My first contact with Ehsan Abdollahi was a few months after Thinker: My Puppy Poet and Me was published in the United Kingdom by Tiny Owl Publishing. (It will be published in the US in April 2019 by Sourcebooks Jabberwocky.) Ehsan and I met in Scotland when we spoke together at the Edinburgh International Book Festival in August 2018.
The idea for Thinker came because I was upset about a few articles I had read criticizing free verse as not being real poetry. I wanted to correct that view and decided to write a picture book that included free verse and an afterword about its techniques. I also included an explanation of the techniques used in writing rap, which sometimes receives the same kind of criticism. I fell in love with Thinker, this puppy who loves words and can only bark, and not talk, unless he is reciting his poems. Ehsan perfectly captures Thinker and his family.
The Women Who Caught the Babies: A Story of African American Midwives (Alazar Press) tells, in poetry, the story of this important contribution to African and African American life. When my daughter was working at a midwifery association, we had a few conversations about midwives, and I am not sure which one of us came up with the idea for a book.

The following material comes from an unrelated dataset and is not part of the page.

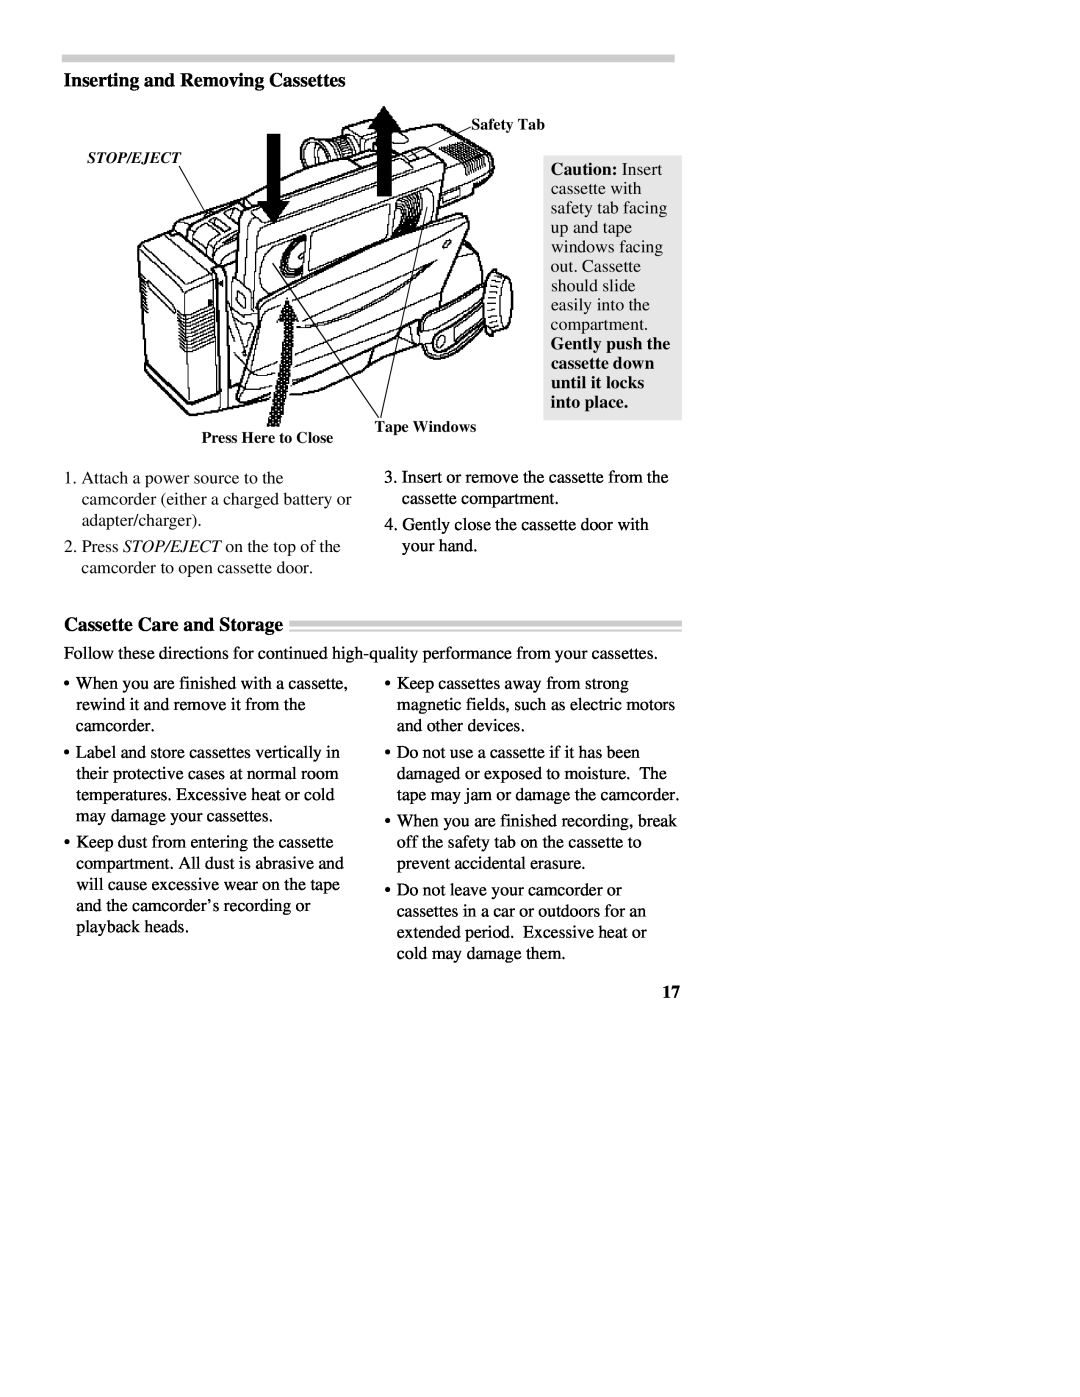 RCA CC437 manual Inserting and Removing Cassettes, Cassette Care and Storage

However, I do know that, because of my damaged vision, she did much of the research for me.
I have not yet met Daniel Minter, but I am familiar with his powerful work. He is the perfect artist for this book because of his research about African American midwives over the years and the beautiful art he has done.

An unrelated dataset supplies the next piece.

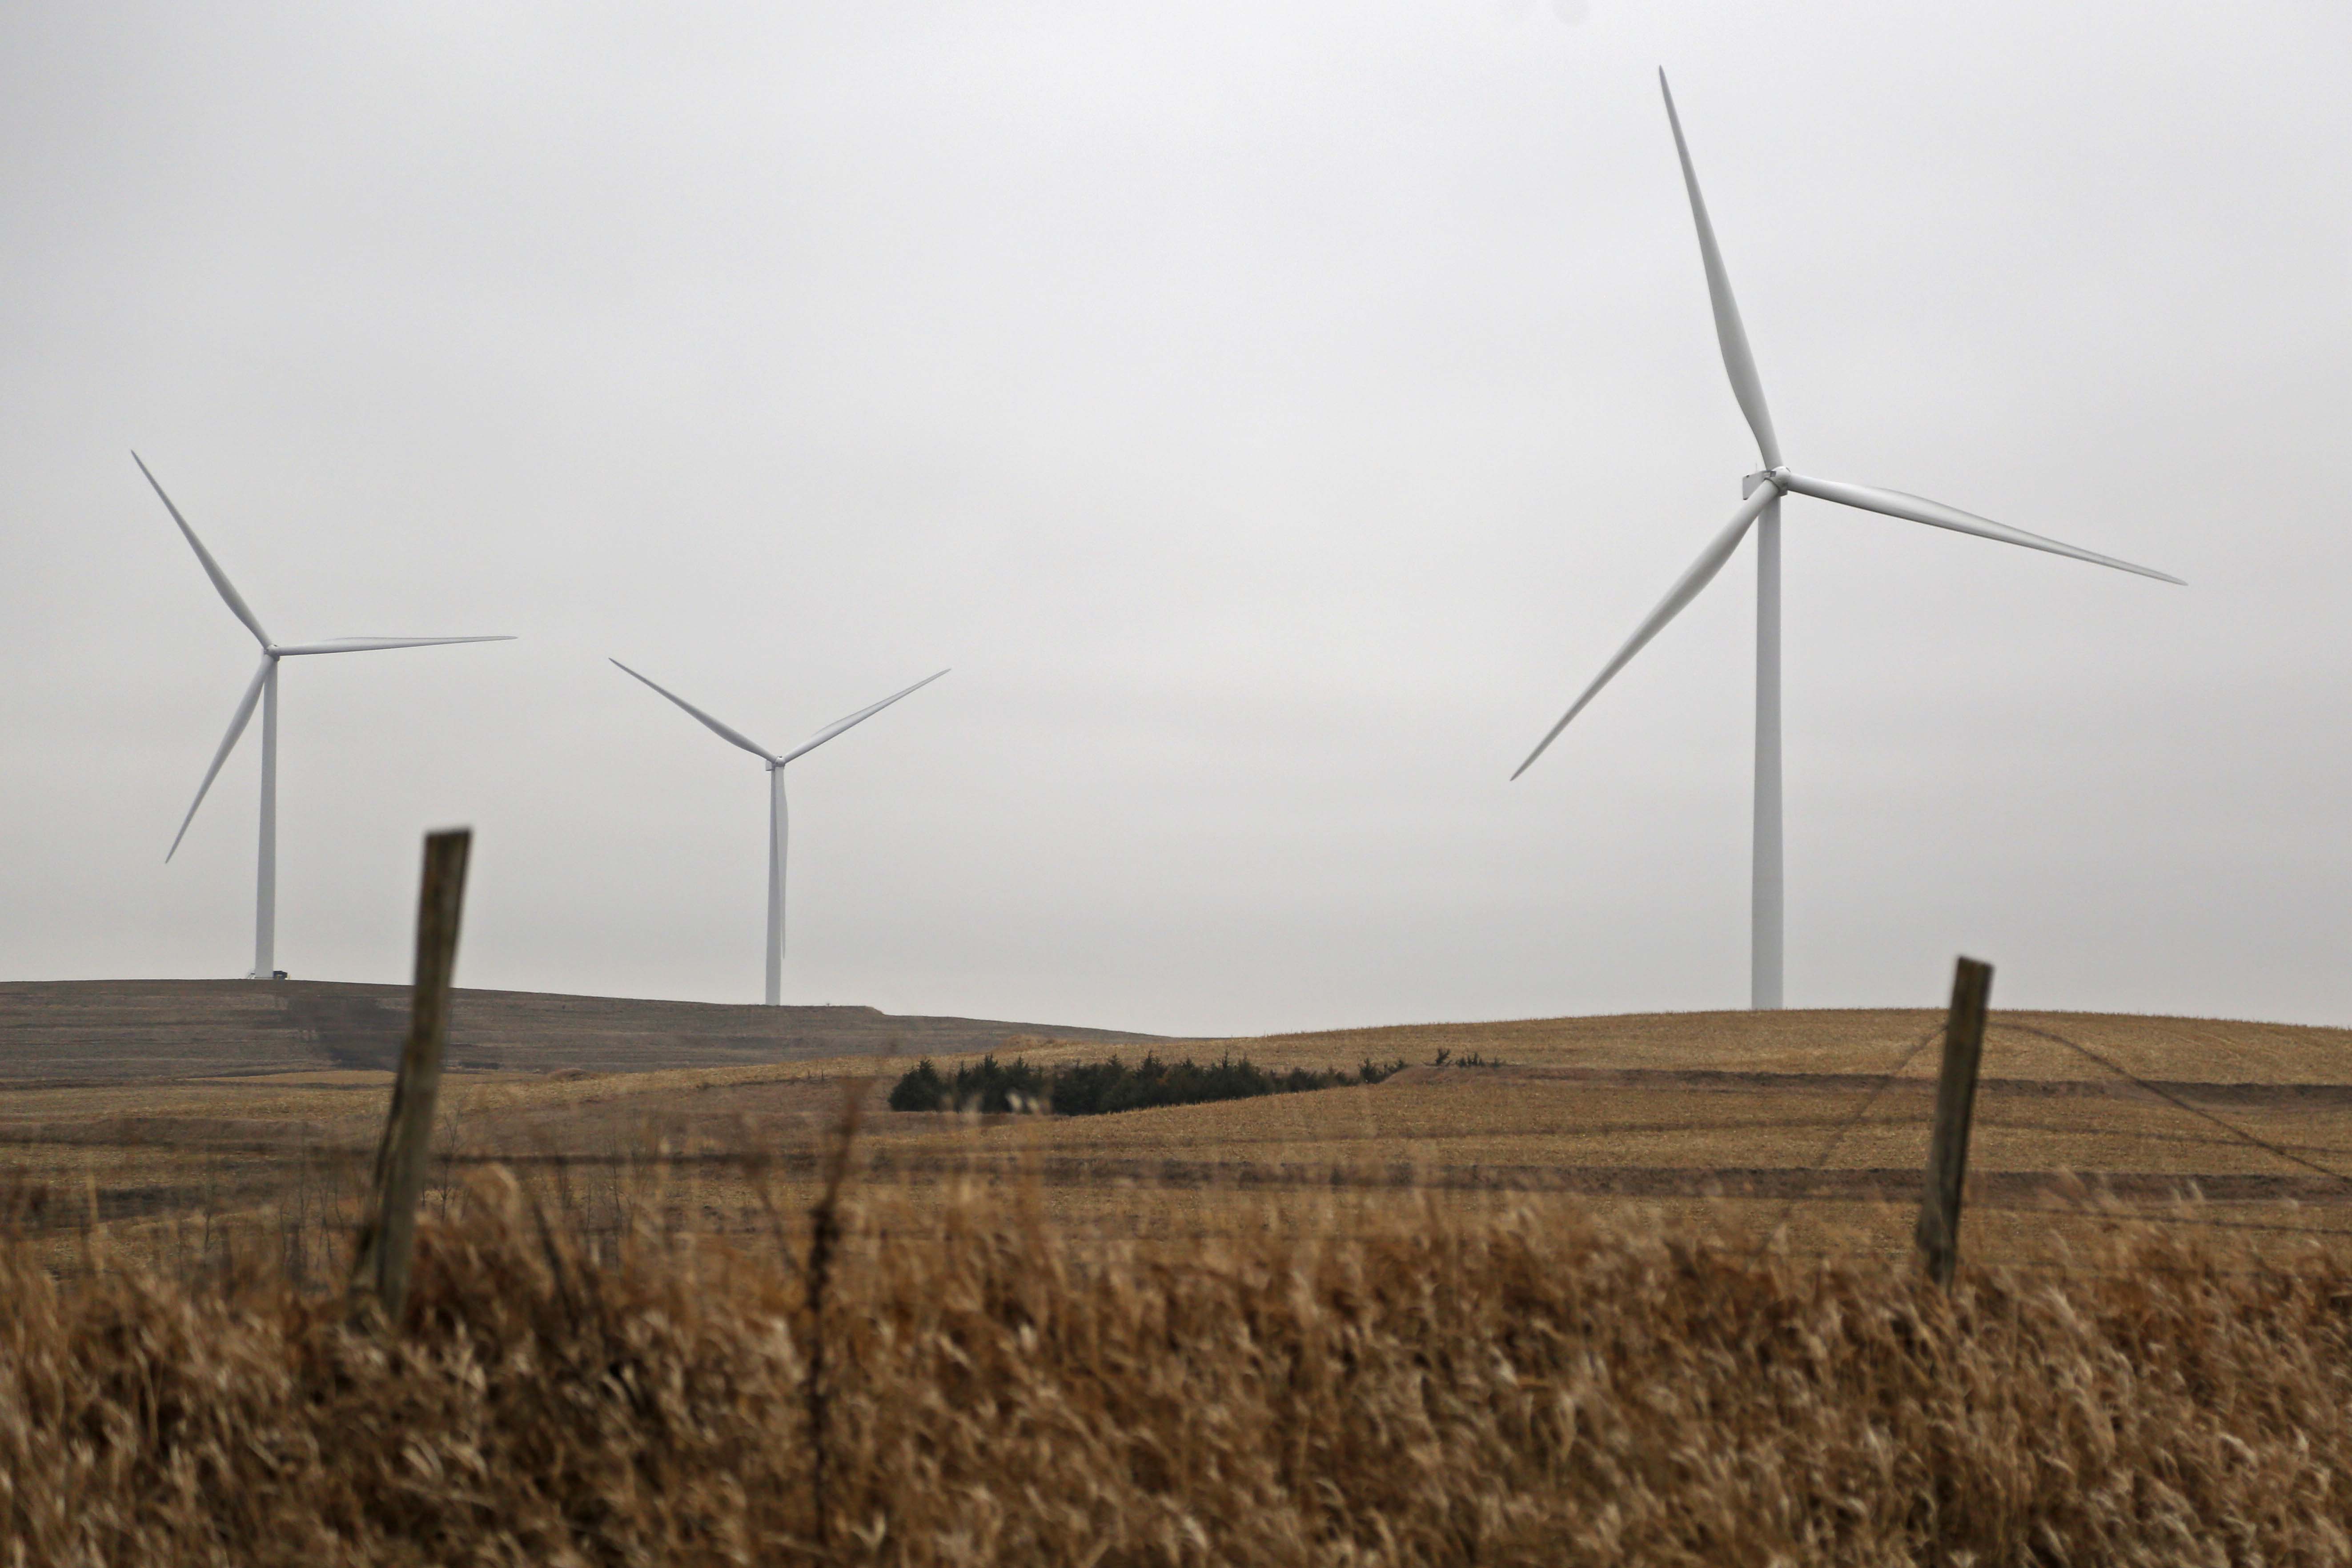 Experts: Iowa's renewable energy growth depends on better transmission

My other recent book is Par-Tay! Dance of the Veggies (and Their Friends), with hilarious illustrations by Don Tate.
Collaborative Classroom: Describe a perfect day.

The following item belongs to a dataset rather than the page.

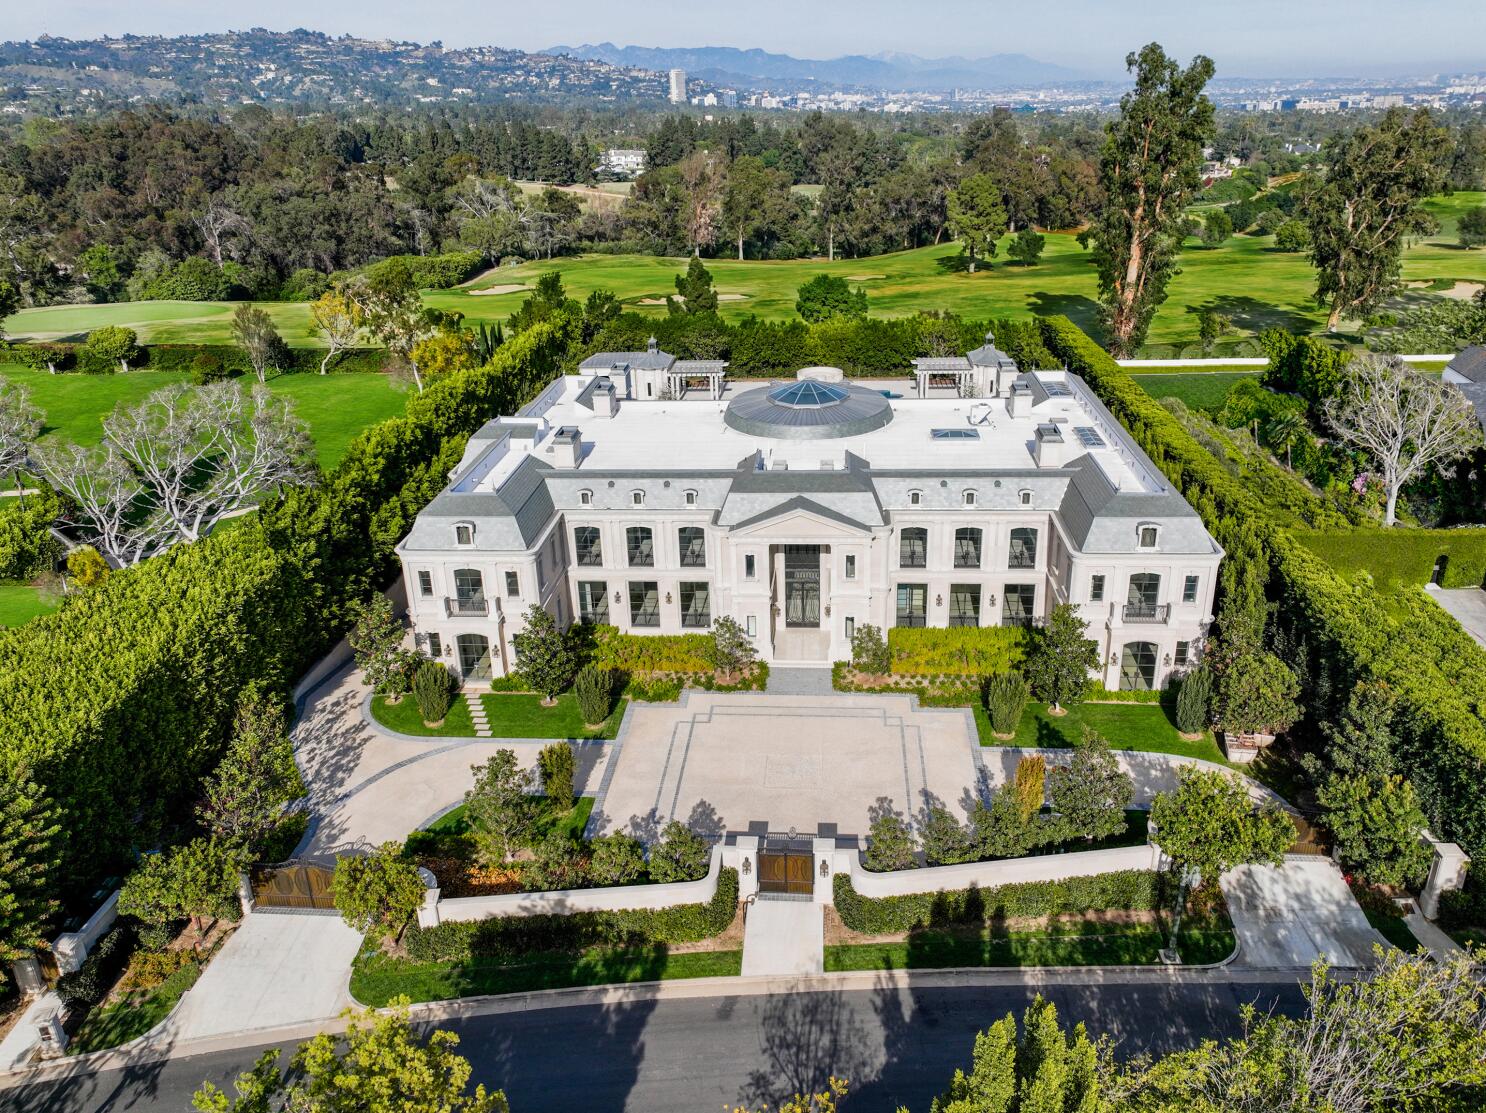 Deeply 'discounted' $295-million California mega mansion heads for auction  - National

Greenfield: On a perfect fantasy day, my vision would have returned, and I would be able to read and work at a normal rate of speed and keep up with all of the wonderful books that are being published nowadays.
A realistically perfect day would be like today: being engrossed in my work, getting some work done, reading a little, conversing with friends and family, listening to music.
Collaborative Classroom: Is there anything else you’d like to say?
Greenfield: One of the most important events of my lifetime is the establishment in Washington, DC, in 2016, of the Smithsonian’s National Museum of African American History and Culture. This large, beautifully designed building brings together the pieces of African American life, beginning with our ancestors in Africa and continuing through the present. It includes struggles against captivity, in Africa and the United States, and contributions to the fields of medicine, politics, science, literature, music, art, theater, education, sports, and many, many more. It documents, for the world and for us, who we are.
Thank you very much for your kind comments about my work, and congratulations on the important work Collaborative Classroom is doing to produce good writers and readers.
About Eloise Greenfield
Eloise Greenfield was born in Parmele, North Carolina, in 1929 and grew up in Washington, DC, where she still lives. She graduated from Cardozo High School and attended Miner Teachers College for two-and-a-half years. Later, as a young wife and mother, while working as a clerk-typist at the US Patent Office, she decided to become a writer and began to study books on writing.
In 1962, Ms. Greenfield had a poem, her first acceptance, published in The Hartford Times. She now has published 47 children’s books. Her mission is to write nourishing books for children, while filling her life with the joy of creating with words.
Ms. Greenfield has received many awards, including the Coretta Scott King–Virginia Hamilton Award for Lifetime Achievement; the Coretta Scott King Award for Africa Dream; the Boston Globe–Horn Book Honor Award for Childtimes: A Three-Generation Memoir, written with her mother, Lessie Jones Little; the Hurston/Wright Foundation’s North Star Award; and the Award for Excellence in Poetry for Children from the National Council of Teachers of English.